Myssjö-Ovikens IF
- Full name: Myssjö-Ovikens Idrottsförening
- Ground: Åsvallen Oviken Sweden
- League: Division 4 Jämtland/Härjedalen
| Home colours | Away colours |

= Myssjö-Ovikens IF =

Swedish football club

Myssjö-Ovikens IF is a Swedish football club located in Oviken.

==Background==
The football club was formed following the merger of the Myssjö IF and Ovikens IF clubs in 1970. Both clubs appeared regularly in Division 4 Jämtland in the 1960s and Myssjö IF played one season in Division 3 in 1968.

Myssjö-Ovikens IF currently plays in Division 4 Jämtland/Härjedalen which is the sixth tier of Swedish football.
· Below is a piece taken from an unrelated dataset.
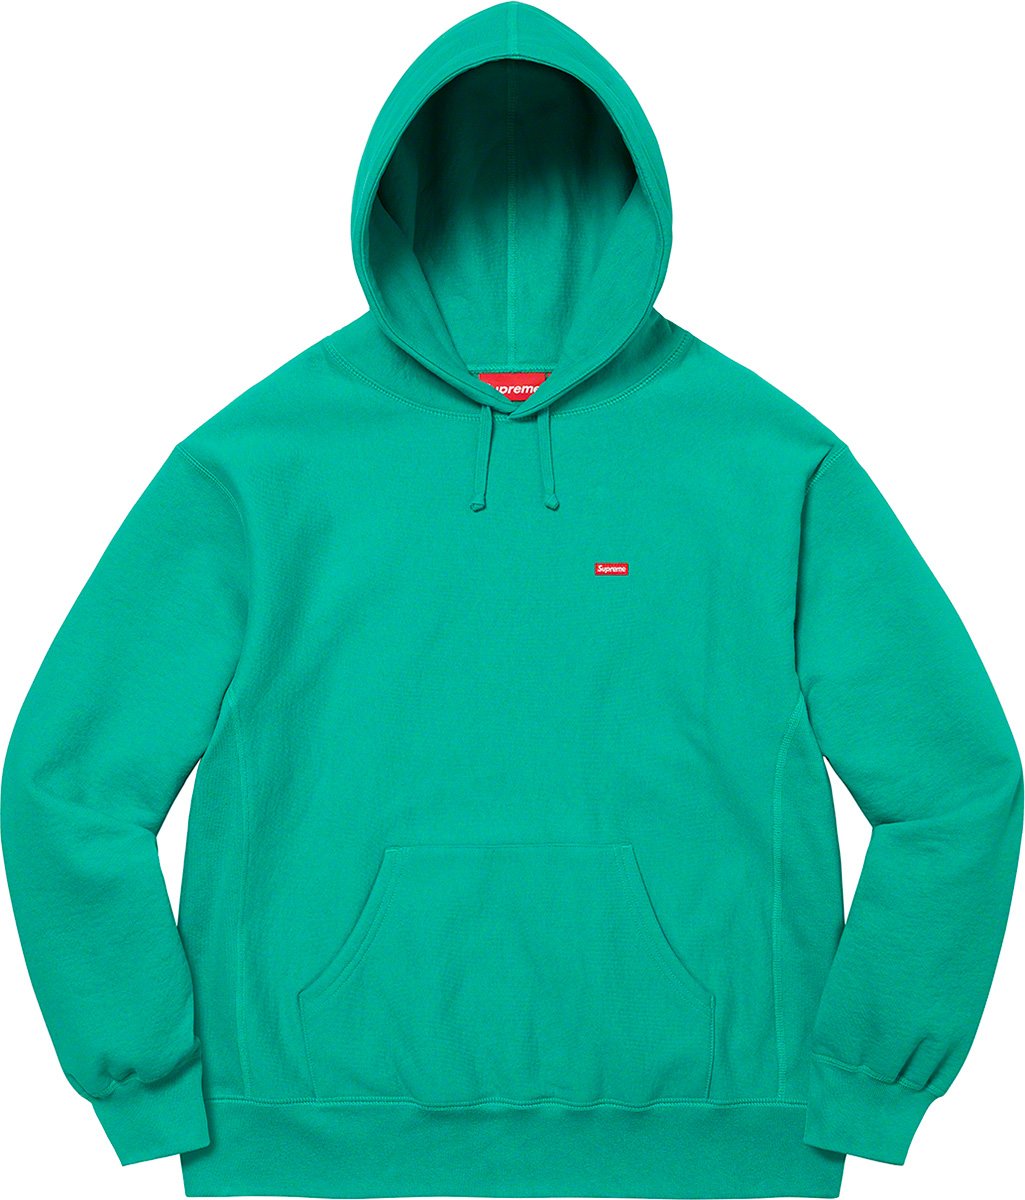 カラーグレーSupreme Small Box Hooded Sweatshirt 22aw

They play their home matches at the Åsvallen in Oviken.

The club is affiliated to Jämtland-Härjedalens Fotbollförbund.

==Season to season==

In their most successful period Myssjö IF competed in the following divisions:

| Season | Level | Division | Section | Position | Movements |
|---|---|---|---|---|---|
| 1960 | Tier 5 | Division 5 | Jämtland |  | Promoted |
| 1961 | Tier 4 | Division 4 | Jämtland | 4th |  |
| 1962 | Tier 4 | Division 4 | Jämtland | 3rd |  |
| 1963 | Tier 4 | Division 4 | Jämtland | 4th |  |
| 1964 | Tier 4 | Division 4 | Jämtland | 5th |  |
| 1965 | Tier 4 | Division 4 | Jämtland | 5th |  |
| 1966 | Tier 4 | Division 4 | Jämtland | 2nd |  |
| 1967 | Tier 4 | Division 4 | Jämtland | 1st | Promoted |
| 1968 | Tier 3 | Division 3 | Södra Norrland Övre | 10th | Relegated |
| 1969 | Tier 4 | Division 4 | Jämtland | 5th |  |
| 1970 | Tier 4 | Division 4 | Jämtland | 6th |  |

In their most successful period Ovikens IF competed in the following divisions:

| Season | Level | Division | Section | Position | Movements |
|---|---|---|---|---|---|
| 1960 | Tier 4 | Division 4 | Jämtland | 7th |  |
| 1961 | Tier 4 | Division 4 | Jämtland | 7th |  |
| 1962 | Tier 4 | Division 4 | Jämtland | 5th |  |
| 1963 | Tier 4 | Division 4 | Jämtland | 10th | Relegated |
| 1964 | Tier 5 | Division 5 | Jämtland |  |  |
| 1965 | Tier 5 | Division 5 | Jämtland |  | Promoted |
| 1966 | Tier 4 | Division 4 | Jämtland | 3rd |  |
| 1967 | Tier 4 | Division 4 | Jämtland | 4th |  |
| 1968 | Tier 4 | Division 4 | Jämtland | 3rd |  |
| 1969 | Tier 4 | Division 4 | Jämtland | 4th |  |
| 1970 | Tier 4 | Division 4 | Jämtland | 8th |  |

The new club Myssjö-Ovikens IF were relegated in 1972 to Division 5:

| Season | Level | Division | Section | Position | Movements |
|---|---|---|---|---|---|
| 1971 | Tier 4 | Division 4 | Jämtland | 3rd |  |
| 1972 | Tier 4 | Division 4 | Jämtland | 11th | Relegated |

In recent seasons Myssjö-Ovikens IF have competed in the following divisions:

| Season | Level | Division | Section | Position | Movements |
|---|---|---|---|---|---|
| 2007 | Tier 7 | Division 5 | Jämtland/Härjedalen Södra | 3rd |  |
| 2008 | Tier 7 | Division 5 | Jämtland/Härjedalen Södra | 2nd |  |
| 2009 | Tier 7 | Division 5 | Jämtland/Härjedalen | 3rd | Promoted |
| 2010 | Tier 6 | Division 4 | Jämtland/Härjedalen | 7th |  |
| 2011 | Tier 6 | Division 4 | Jämtland/Härjedalen | 10th |  |

- League restructuring in 2006 resulted in a new division being created at Tier 3 and subsequent divisions dropping a level.